Bénédicte
écrit à

   


Louis XIV




Édit de Saint-Germain

    Bonsoir Majesté,

J'espère que vous vous portez bien et que le fait de voir l'hiver s'approcher à grands pas ne vous ruine pas trop le moral...

Je voulais vous poser une question au sujet de l'édit de Saint Germain que vous avez promulgué en 1679. Pourquoi décider de faire du droit coutumier un droit savant? Par ailleurs, quel est le rôle du Grand Conseil?
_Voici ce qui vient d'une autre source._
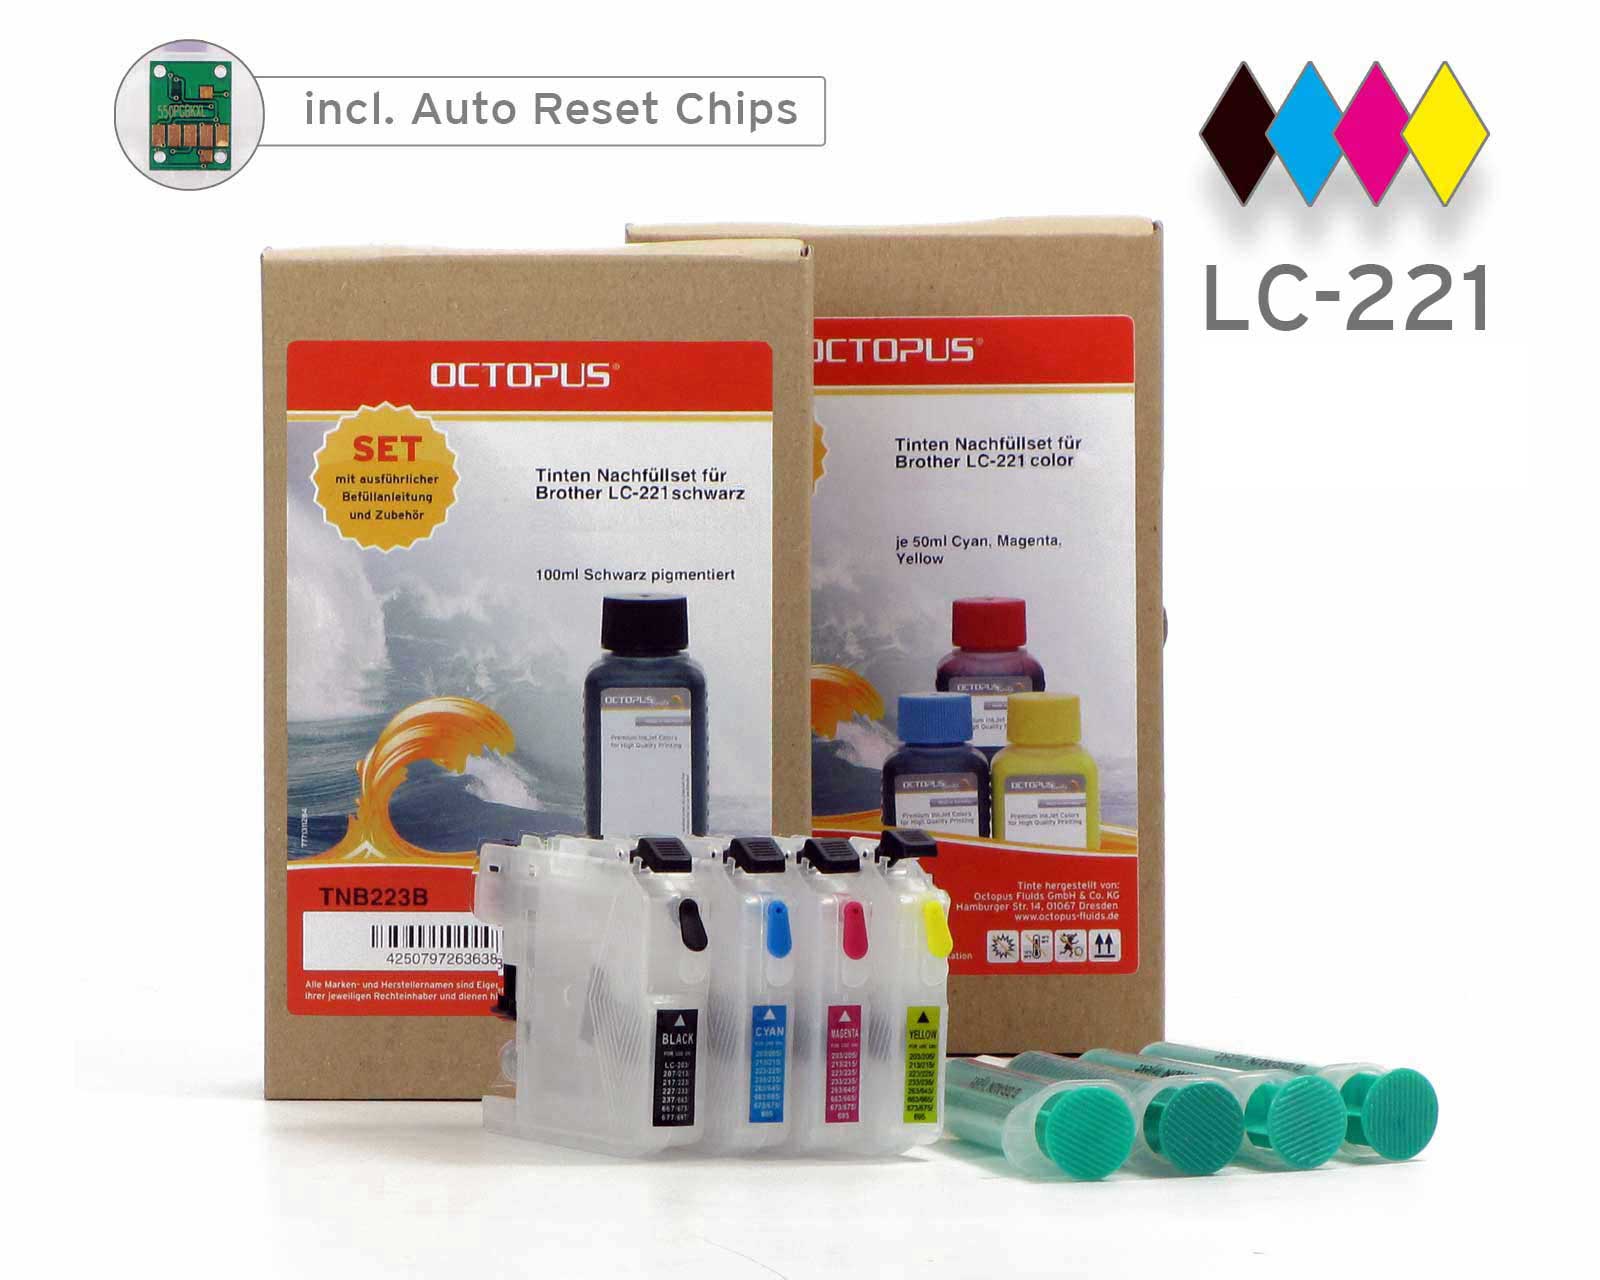 Set of refillable cartridges compatible with Brother LC-221, LC-223 with ink refill kits
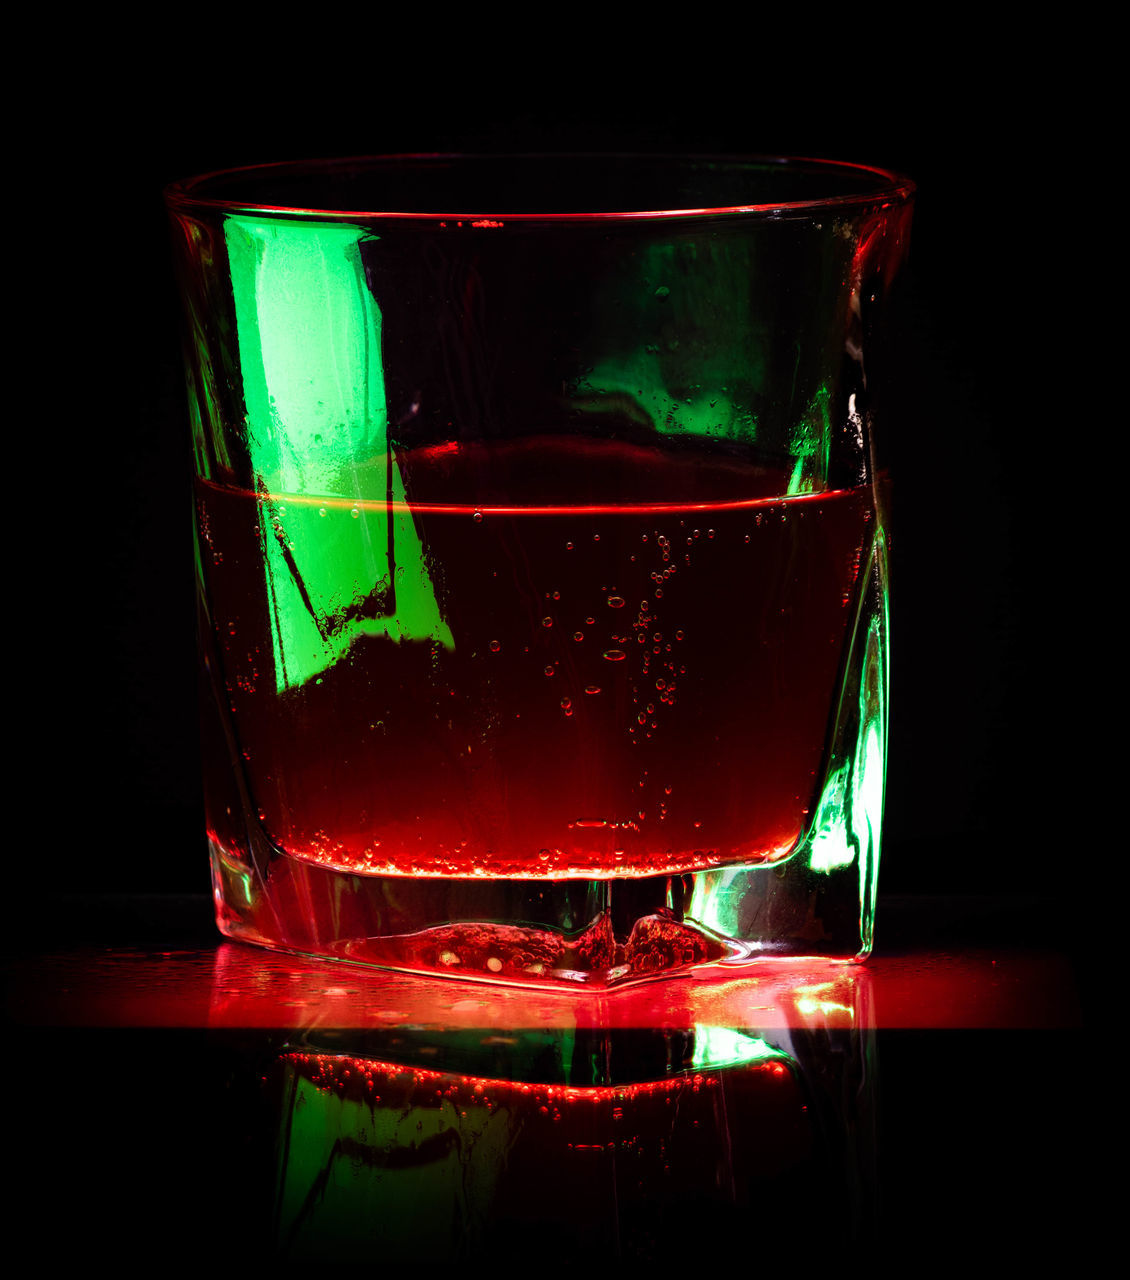 CLOSE-UP OF DRINK IN GLASS

Avez-vous un Parlement?

Je vous remercie par avance et vous souhaite une très bonne soirée,

Bénédicte


Madame,
 
Vous me parlez de l'hiver… Heureusement, je vous escris du mois d'aoust de l'an de grasce 1715, et l'hiver est encore bien loin. Je vous avoueray que cela me convient ainsy, car les hivers furent rudes ses dernières années…
 
L'Édict de Saint-Germain de 1679 avoit plusieurs buts, dont celuy de permettre l'enseignement du droit François, issu des coutumes.  Il faut savoir que le droit n'est point une chose unifiée à l'intérieur du royaume et que, despendant des régions, est utilisé le droit romain ou les coutumes propres à chaque région. Il existe aussi le droit canonique, déjà enseigné tout comme le droit romain. Aussi, puisque Paris a sa coutume, le droit romain n'y estoit point enseigné.  L'Édict de Saint-Germain autorisa son enseignement. 

Pourquoi décider de faire du droit coutumier un droit savant? Ces coutumes sont anciennes et leur application adéquate est tout aussy importante que celles du droit romain et du droit canonique. Il me sembloit nécessaire que ces coutumes soient adéquatement enseignées et appliquées. 
 
Le Grand Conseil a des fonctions juridiques particulières, qui s'étendent à tout le royaume. Peut-estre savez-vous qu'il existe dans le royaume plusieurs cours de Parlement, dans les pays d'Éstat, le plus important estant celuy de Paris. Il survient parfois des problèmes de juridiction entre ces parlements. Le Grand Conseil peut régler ces litiges. Mais attention, il ne faut par se méprendre sur le rosle des parlements. Il ne s'agit point de parlements à l'anglaise, mais bien de cours de justice. Les officiers des Parlements rendent la justice en mon nom. Mais le Roy peut retenir certaines affaires s'il le désire, c'est à dire les juger luy-mesme en dehors des Parlements ou en les confiant au Grand Conseil. Ce dernier a aussi des fonctions juridiques relatives aux affaires religieuses, bénéfices, congrégations et abbayes. Son rosle est donc entre celuy des cours de parlement et celuy de mon Conseil.
 
J'espère avoir su vous respondre le plus clairement possible. Je conçois bien que ces choses doivent avoir beaucoup changé à vostre espoque, si j'en juge par ce que vos contemporains m'écrivent. N'hésitez point à me poser d'autres questions.